### [Prompt]
Shown below are entries with pictures; the line with "для рассеяния фотона" through the line with "Поиск по фамилии" is the span to retype exactly, and the pictures stay out.

### [Records to use]
::::::::::

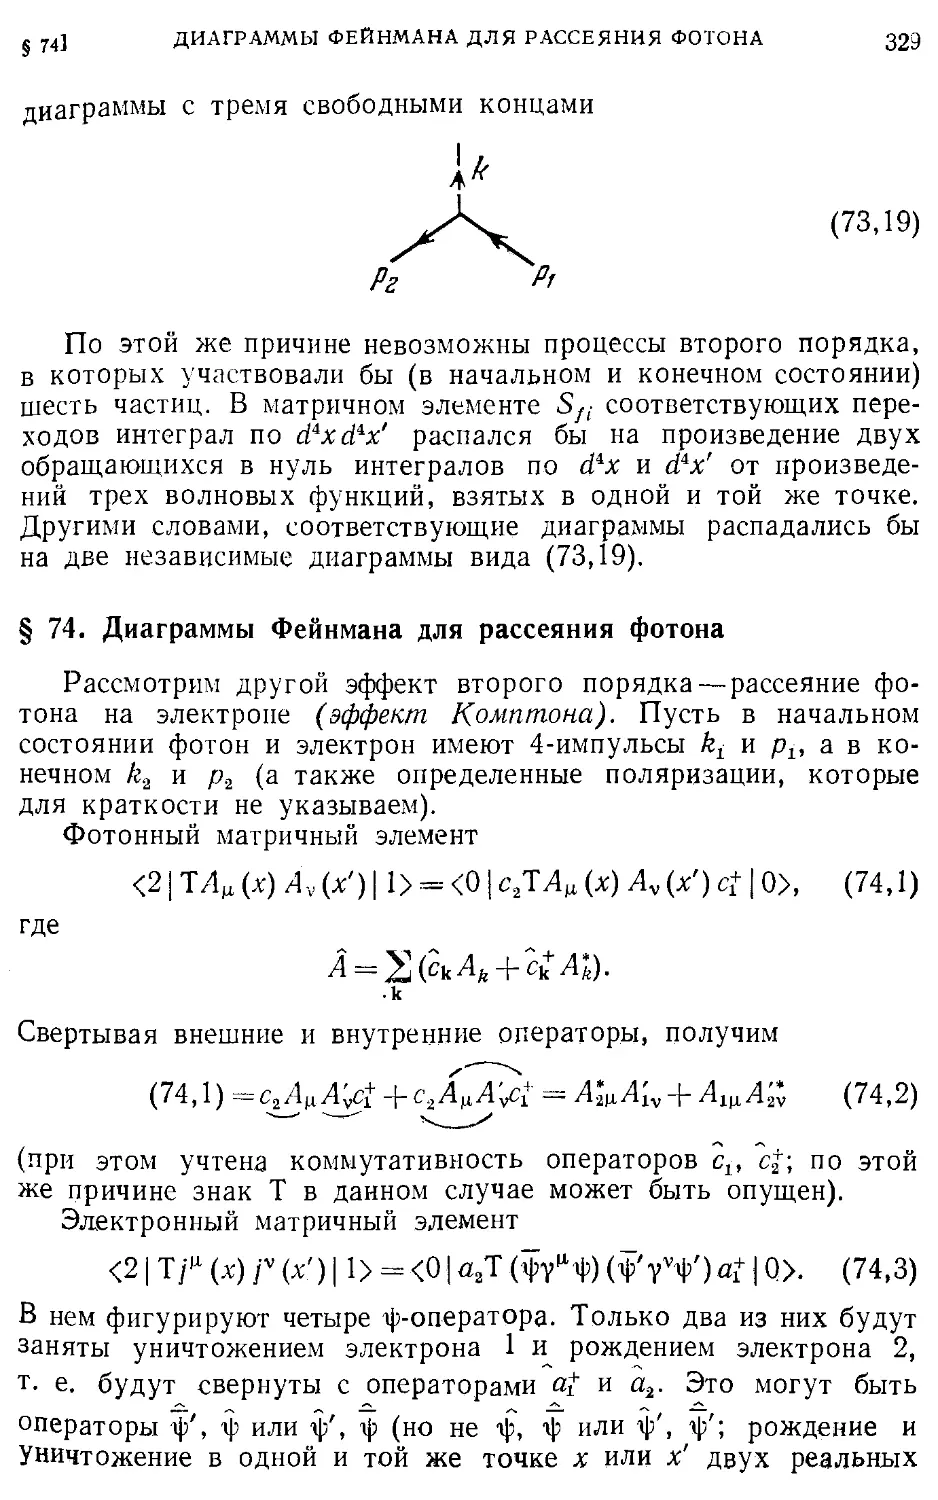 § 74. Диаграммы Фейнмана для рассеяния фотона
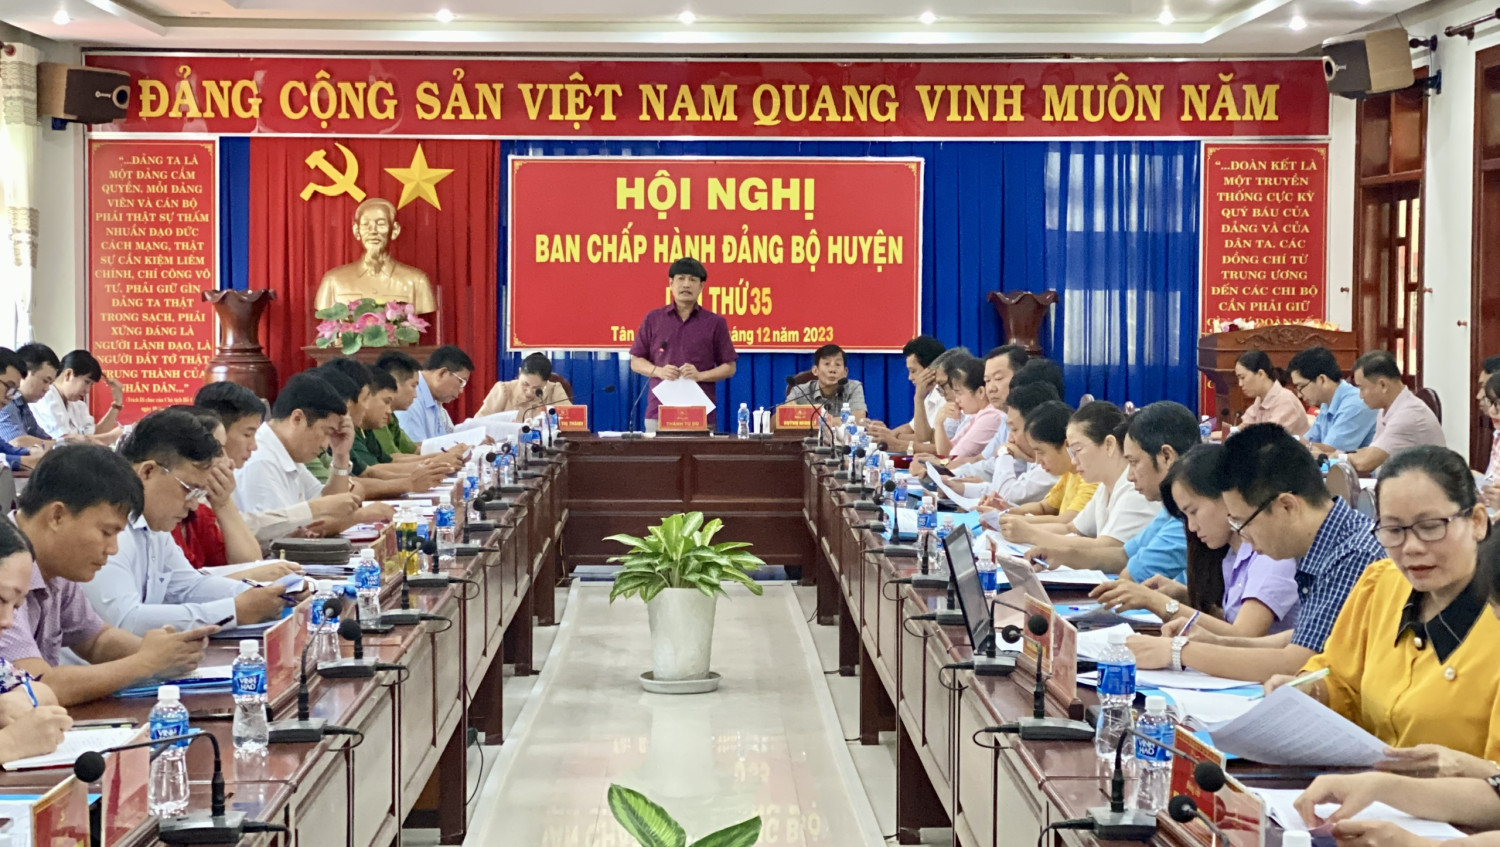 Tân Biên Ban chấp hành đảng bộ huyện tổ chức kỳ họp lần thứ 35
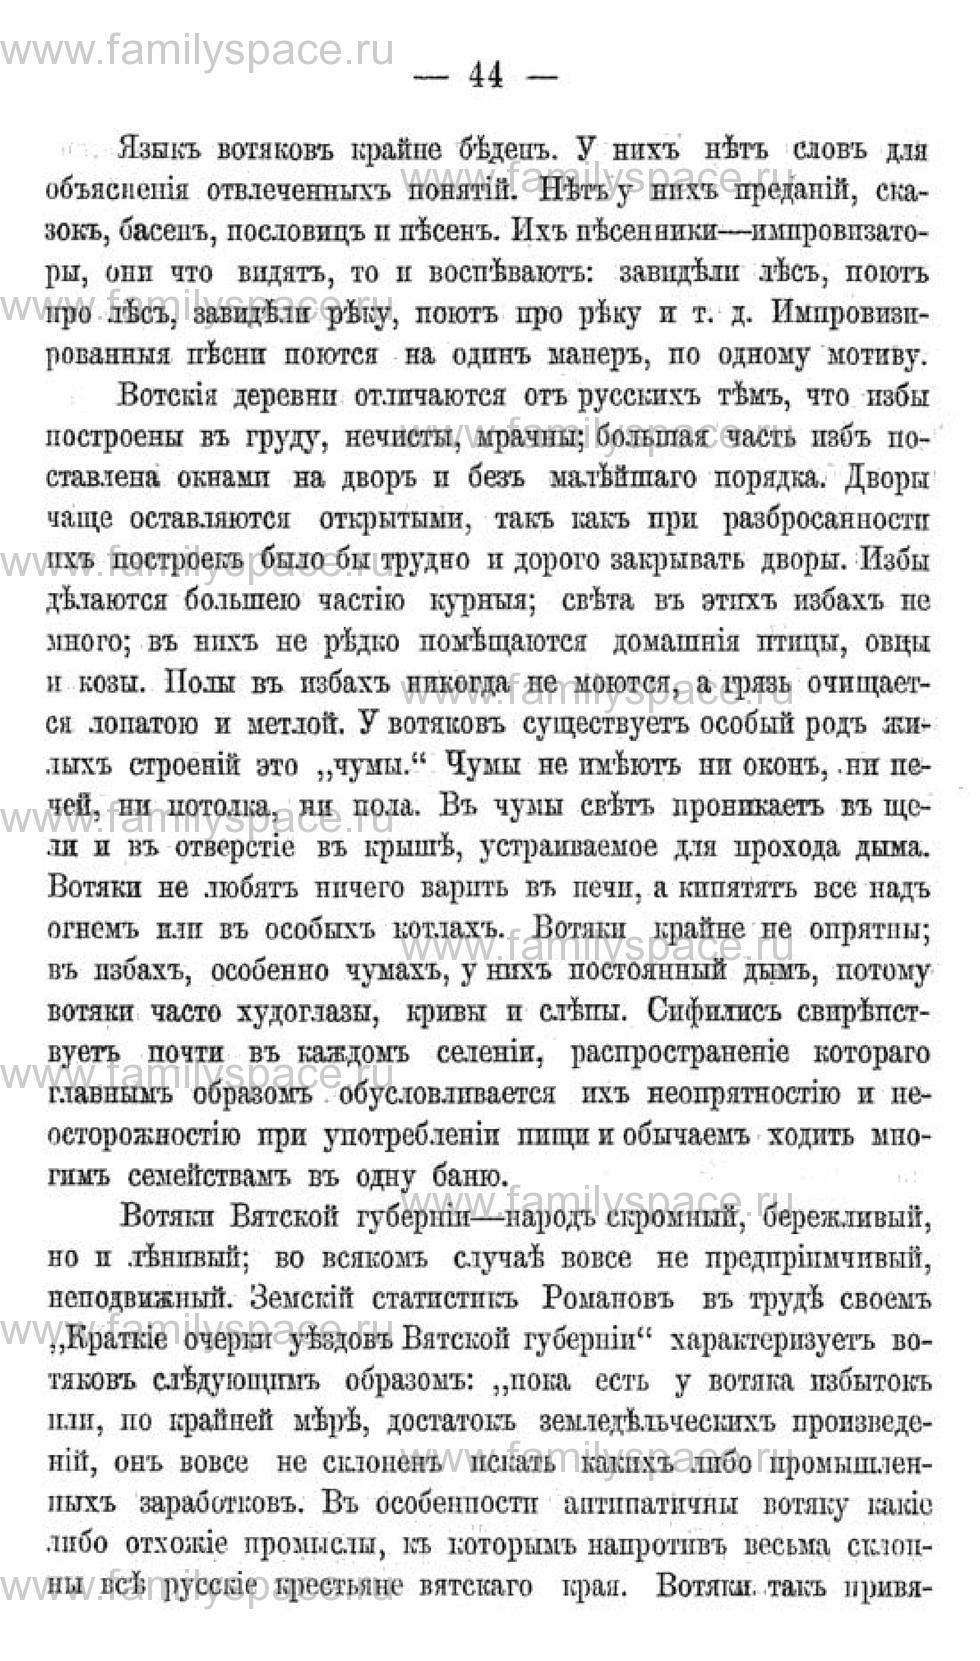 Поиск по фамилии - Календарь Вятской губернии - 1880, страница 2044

::::::::::

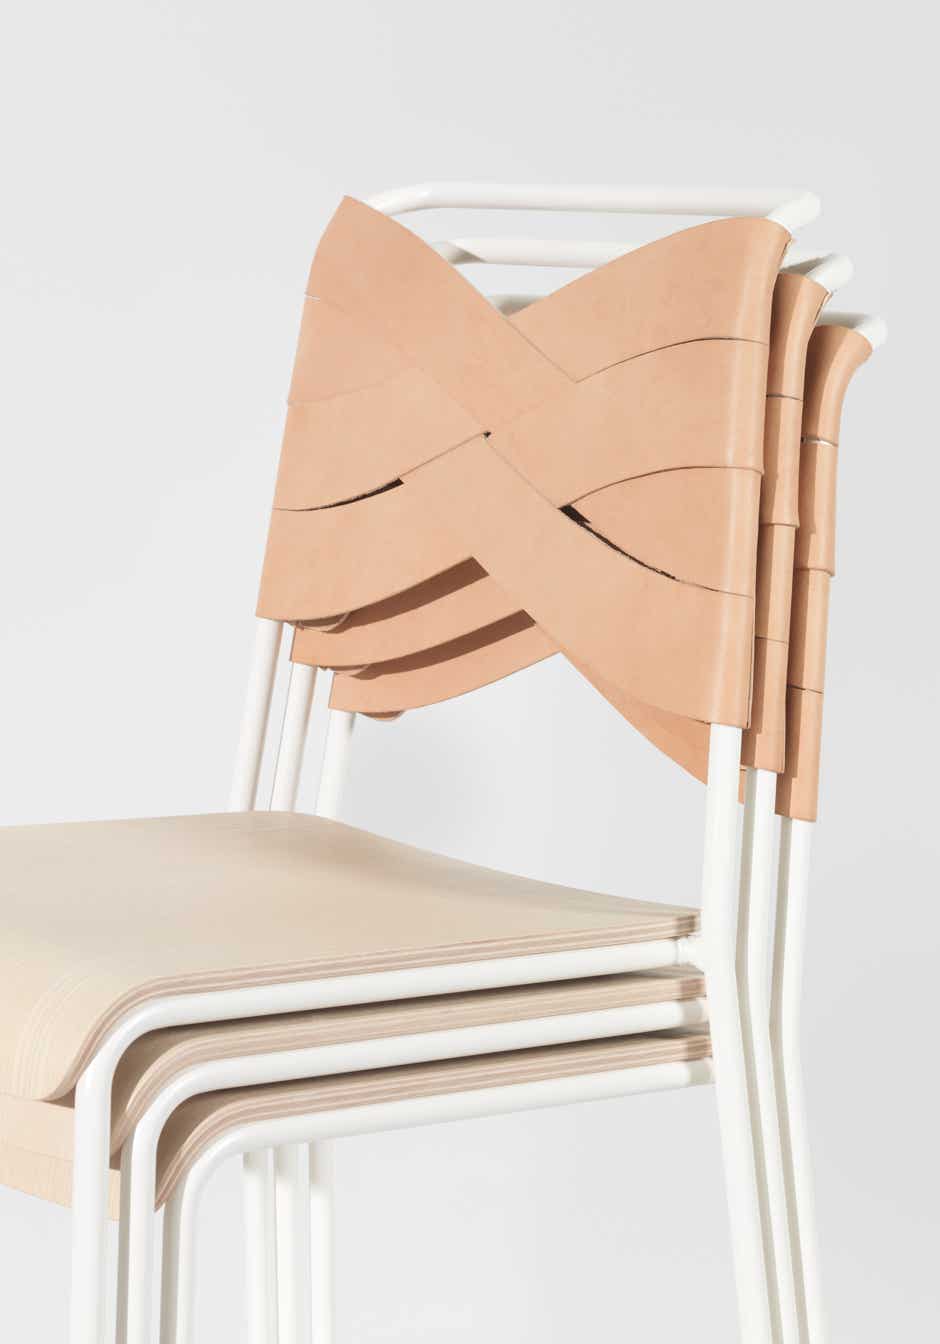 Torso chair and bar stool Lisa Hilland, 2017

::::::::::

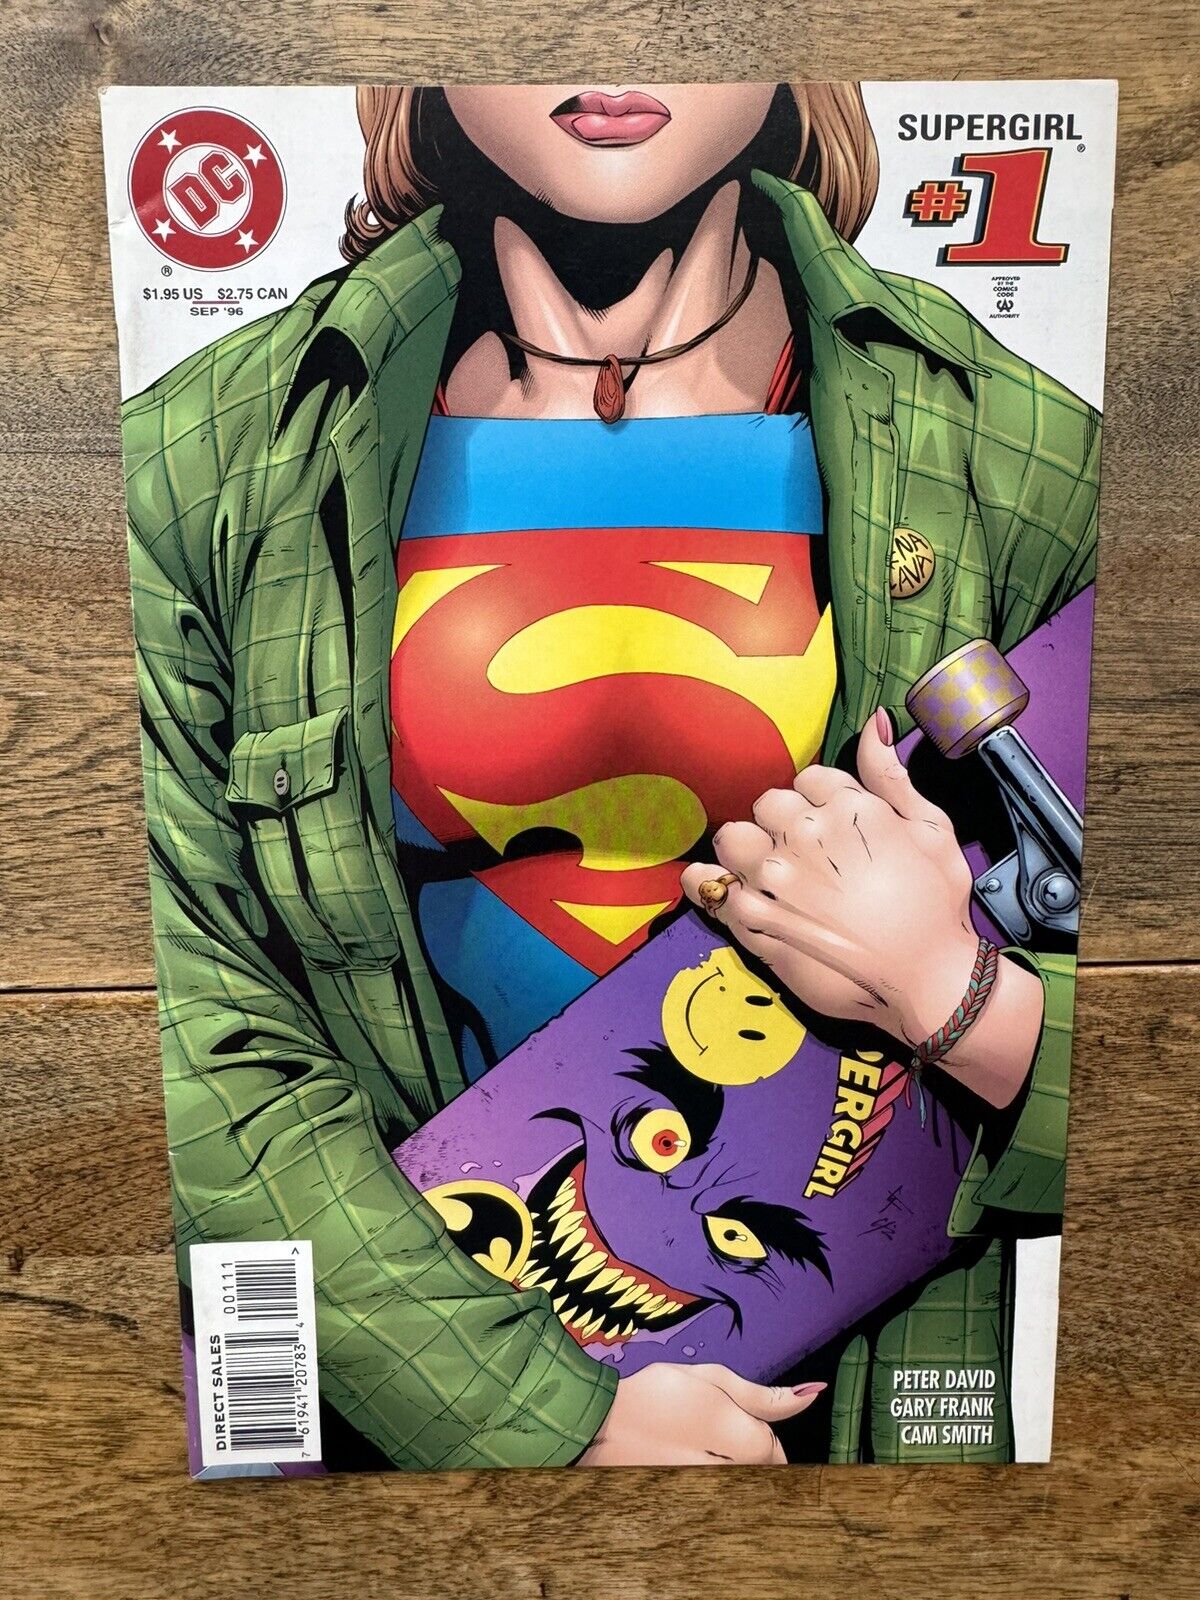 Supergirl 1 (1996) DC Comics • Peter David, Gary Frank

::::::::::

### [Exercise output]
 § 74. Диаграммы Фейнмана для рассеяния фотона
 Tân Biên Ban chấp hành đảng bộ huyện tổ chức kỳ họp lần thứ 35
 Поиск по фамилии - Календарь Вятской губернии - 1880, страница 2044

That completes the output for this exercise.